PROMPT -
Could you retype the whole listing word for word and drop the images?

DATA EXCERPT -
# # # #

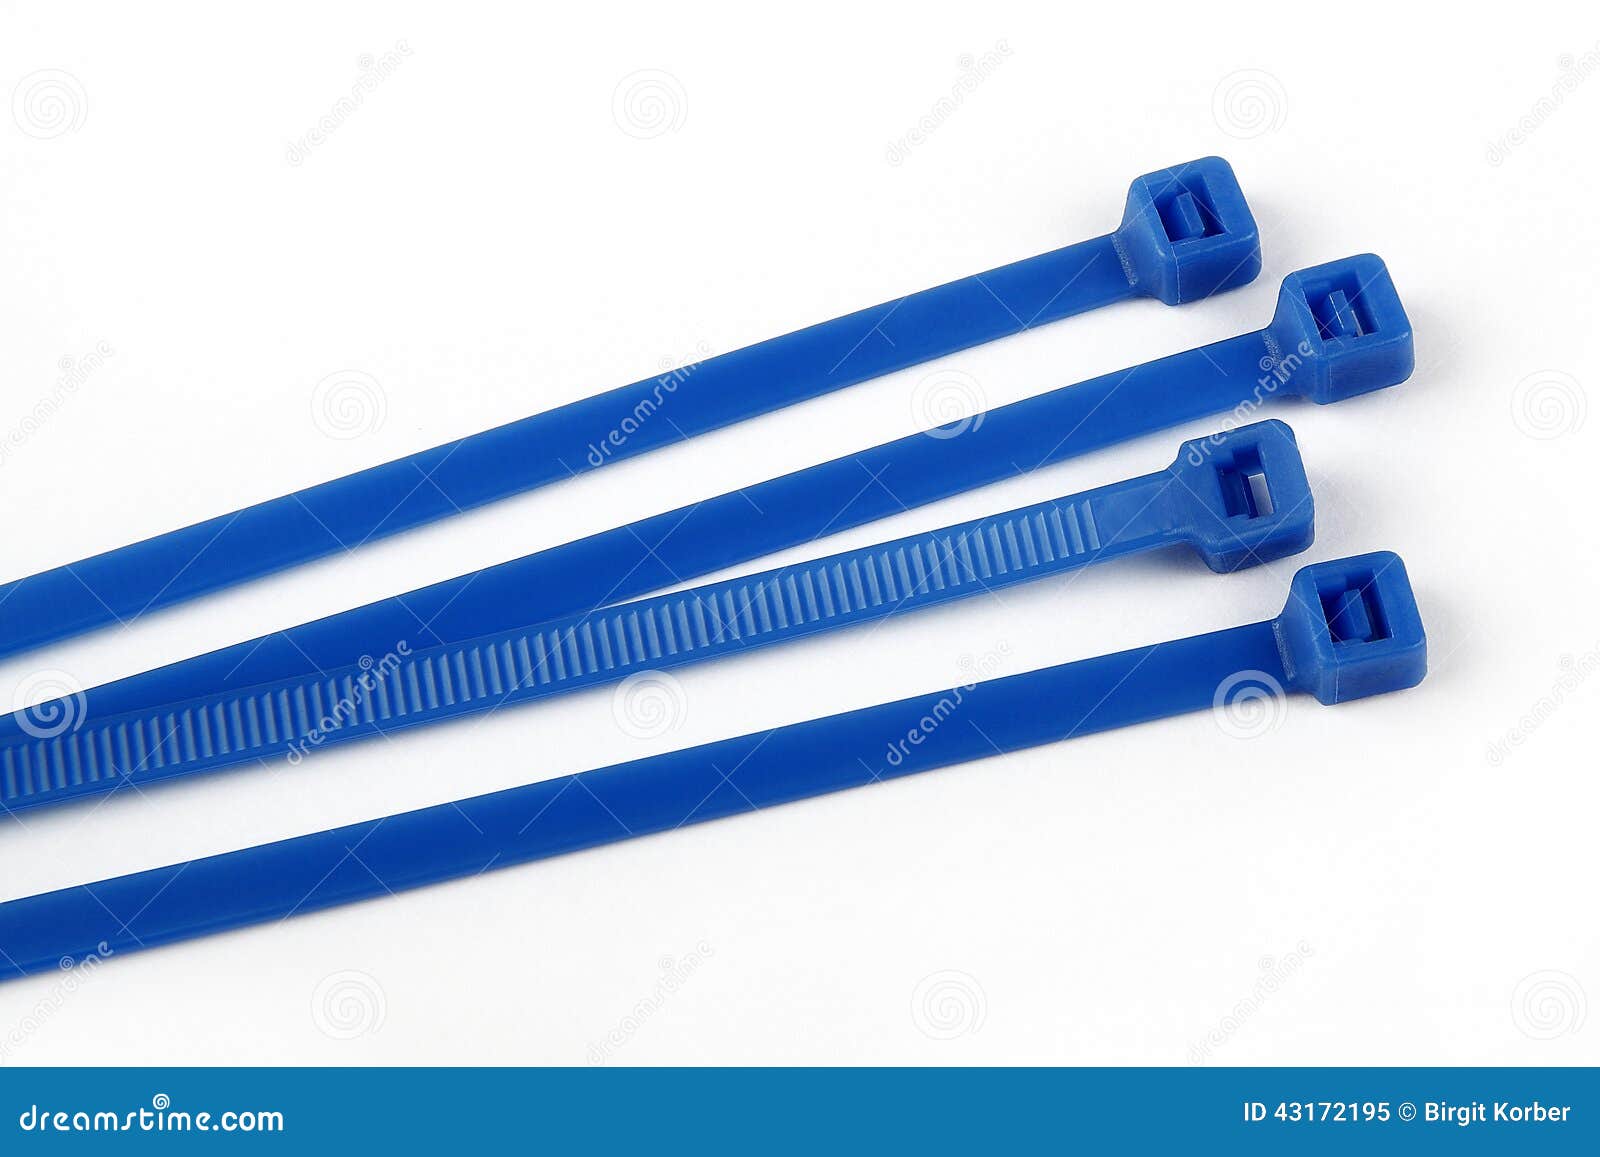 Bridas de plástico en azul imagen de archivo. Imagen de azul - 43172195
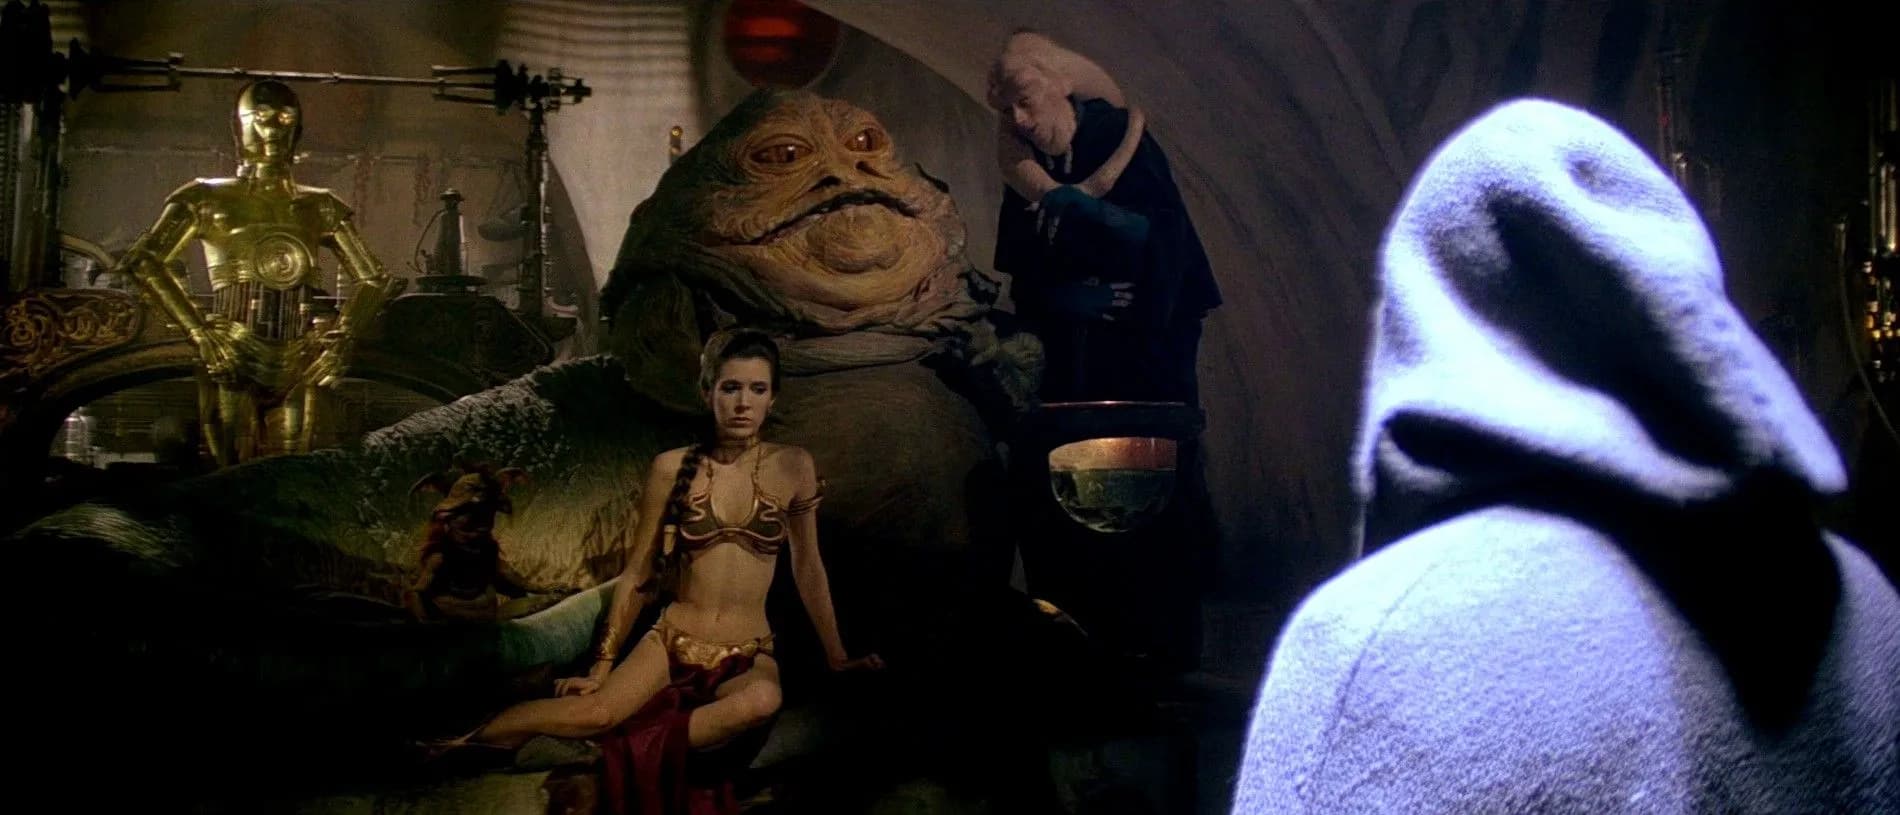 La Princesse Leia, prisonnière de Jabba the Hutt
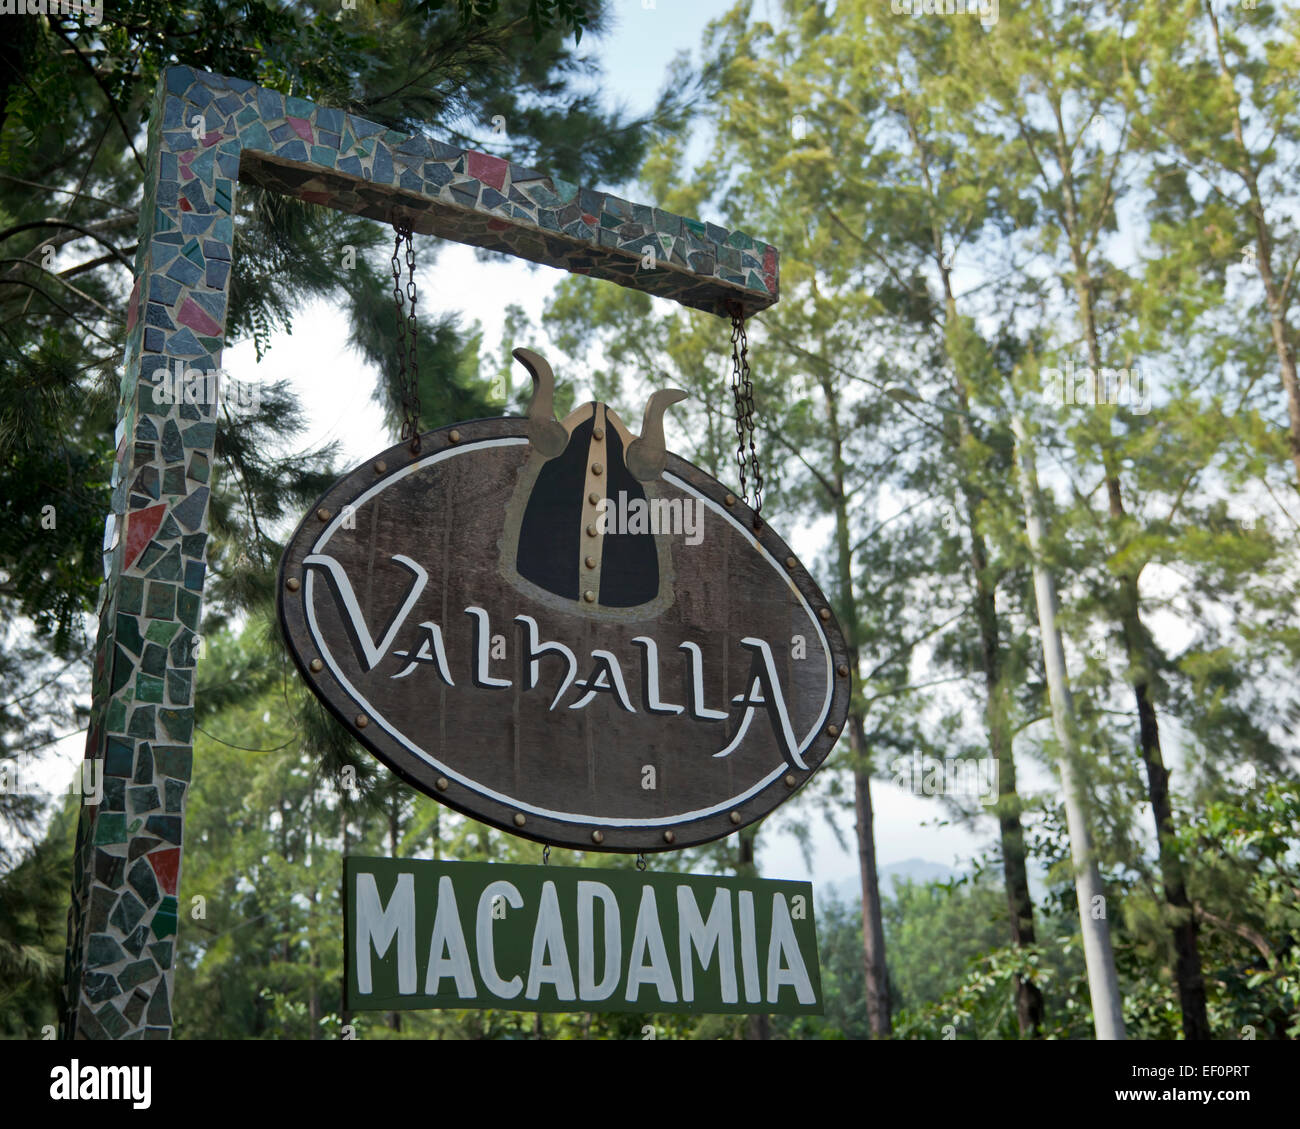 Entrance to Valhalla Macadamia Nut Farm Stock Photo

# # # #

TASK RESPONSE -
 Bridas de plástico en azul imagen de archivo. Imagen de azul - 43172195
 La Princesse Leia, prisonnière de Jabba the Hutt
 Entrance to Valhalla Macadamia Nut Farm Stock Photo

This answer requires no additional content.